Large powers of $x$ help us in neighborhoods of infinity and hurt around zero.

The Convergence Theorems

theorem (Monotone Convergence):

If $f_n: X\to [0, \infty) \in L^+$ and $f_n \nearrow f$ almost everywhere, then $\begin{align*} \lim \int f_n = \int \lim f_n = \int f \quad \text{i.e.}~~ \int f_n \to \int f .\end{align*}$

slogan:

Measurable, non-negative, increasing pointwise a.e. allows commuting limits and integrals.

#todo Proof

theorem (Dominated Convergence):

If $f_n \in L^1$ and $f_n \to f$ almost everywhere with ${\left\lvert {f_n} \right\rvert} \leq g$ for some $g\in L^1$ , then $f\in L^1$ and $\begin{align*} \int {\left\lvert {f_n - f} \right\rvert} \to 0 .\end{align*}$

As a consequence, $\begin{align*} \lim \int f_n = \int \lim f_n = \int f \quad \text{i.e.}~~ \int f_n \to \int f < \infty \end{align*}$

Positivity not needed.

#todo Proof

theorem (Generalized DCT):

$f_n \in L^1$ with $f_n \to f$ almost everywhere,
There exist $g_n\geq 0 \in L^1$ nonnegative with ${\left\lvert {f_n} \right\rvert} \leq g_n$ ,
$g_n\to g$ almost everywhere with $g\in L^1$ , and
$\lim \int g_n = \int g$ ,

then $f\in L^1$ and $\lim \int f_n = \int f < \infty$ .

Note that this is the DCT with ${\left\lvert {f_n} \right\rvert} < {\left\lvert {g} \right\rvert}$ relaxed to ${\left\lvert {f_n} \right\rvert} < g_n \to g\in L^1$ .

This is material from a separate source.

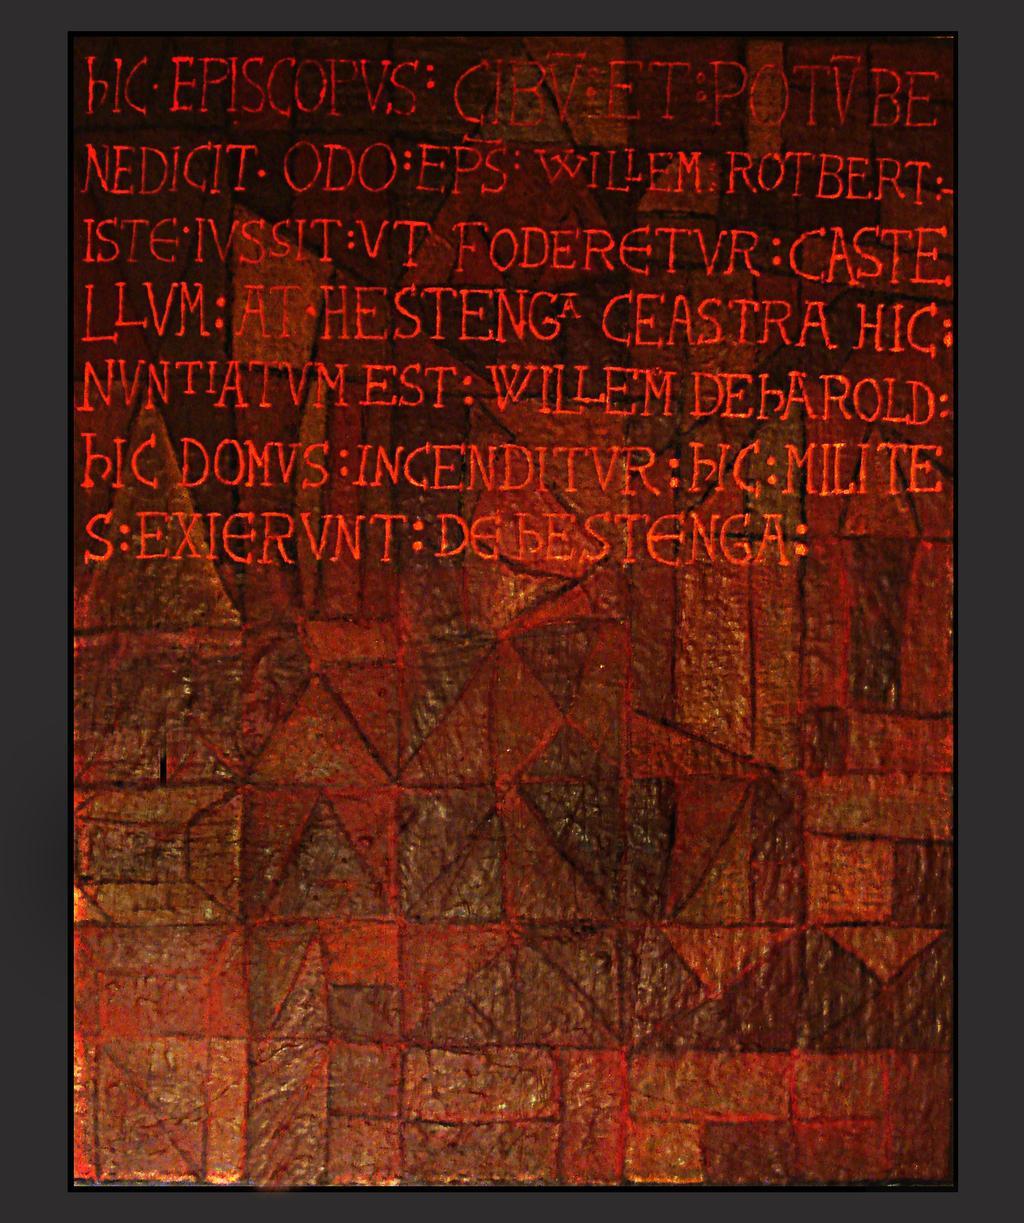 hic episcopus updated 2 by comteskyee
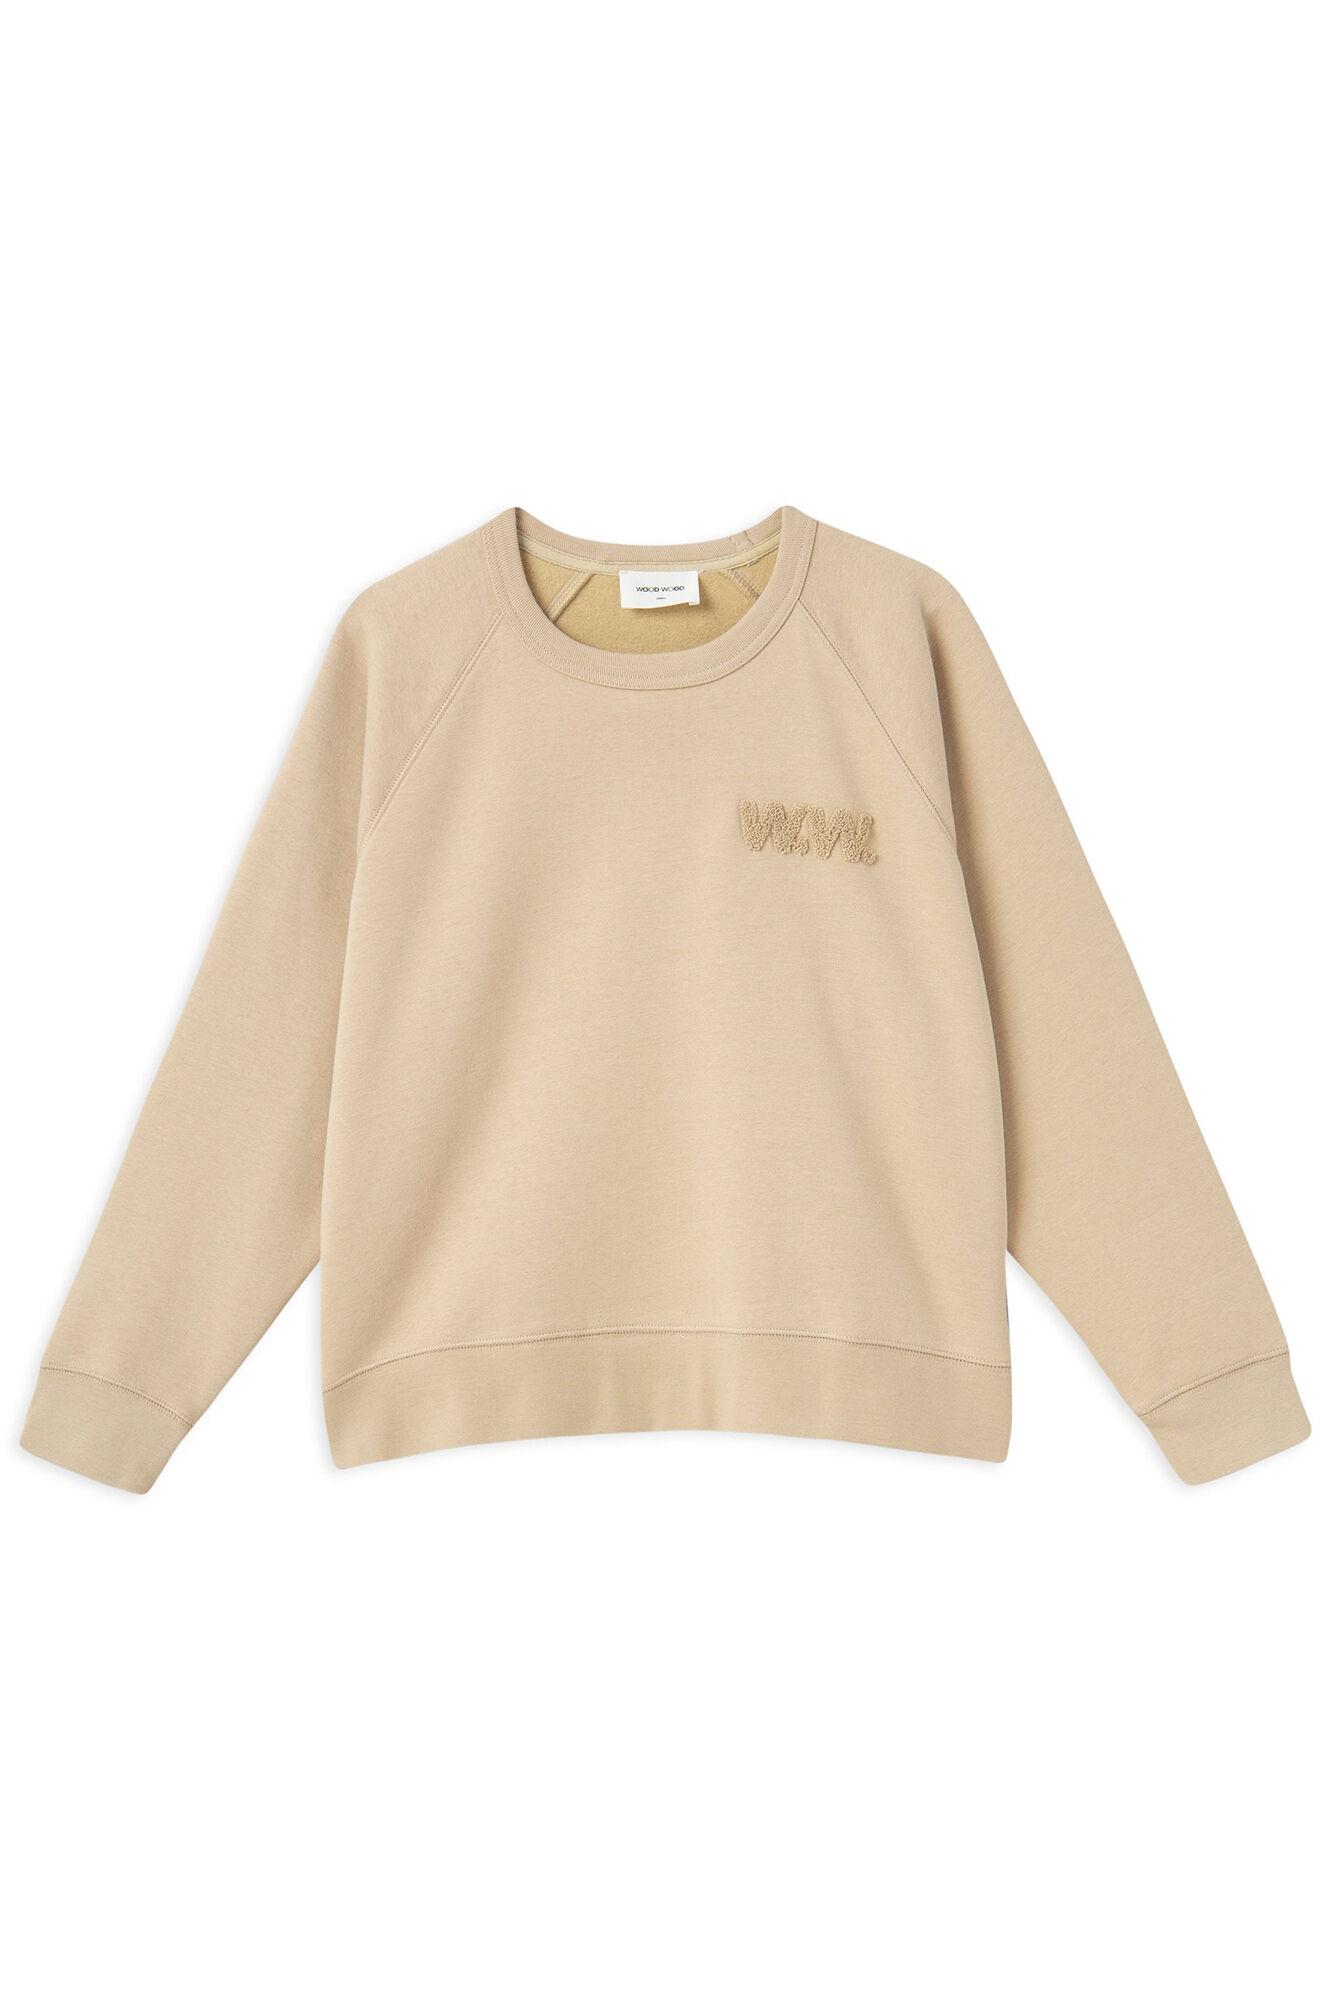 Jerri sweatshirt 11912400-2453, LIGHT KHAKI

proof (of generalized DCT):

Proceed by showing $\limsup \int f_n \leq \int f \leq \liminf \int f_n$ :

$\int f \geq \limsup \int f_n$ : $\begin{align*} \int g - \int f &= \int \qty{g-f} \\ &\leq \liminf \int \qty{g_n - f_n} \quad \text{Fatou} \\ &= \lim \int g_n + \liminf \int (-f_n) \\ &= \lim \int g_n - \limsup \int f_n \\ &= \int g - \limsup \int f_n \\ \\ \implies \int f &\geq \limsup \int f_n .\end{align*}$
- Here we use $g_n - f_n \overset{n\to\infty}\longrightarrow g-f$ with $0 \leq {\left\lvert {f_n} \right\rvert} - f_n \leq g_n - f_n$ , so $g_n - f_n$ are nonnegative (and measurable) and Fatou’s lemma applies.
$\int f \leq \liminf \int f_n$ : $\begin{align*} \int g + \int f &= \int(g+f) \\ &\leq \liminf \int \qty{g_n + f_n} \\ &= \lim \int g_n + \liminf \int f_n \\ &= \int g + \liminf f_n \\ \\ \int f &\leq \liminf \int f_n .\end{align*}$
- Here we use that $g_n + f_n \to g+f$ with $0 \leq {\left\lvert {f_n} \right\rvert} + f_n \leq g_n + f_n$ so Fatou’s lemma again applies.

remark:

The converse to the DCT does not hold, i.e. $L^p$ boundedness does not imply a.e. boundedness, i.e. it is not true that $\lim \int f_k = \int f$ implies that $\exists g\in L^p$ such that $f_k < g$ a.e. for every $k$ .

Take

$b_k = \sum_{j=1}^k \frac 1 j \to \infty$
$f_k = \chi_{[b_k, b_{k+1}]}$

Then

$f_k \overset{a.e.}\to f = 0$ ,
$\int f_k = \frac 1 k \to 0 \implies {\left\lVert {f_k} \right\rVert}_p \to 0$ ,
$0 = \int f = \lim \int f_k = 0$
But $g > f_k \implies g > {\left\lVert {f_k} \right\rVert}_\infty = 1$ a.e. $\implies g\not\in L^p({\mathbf{R}})$ .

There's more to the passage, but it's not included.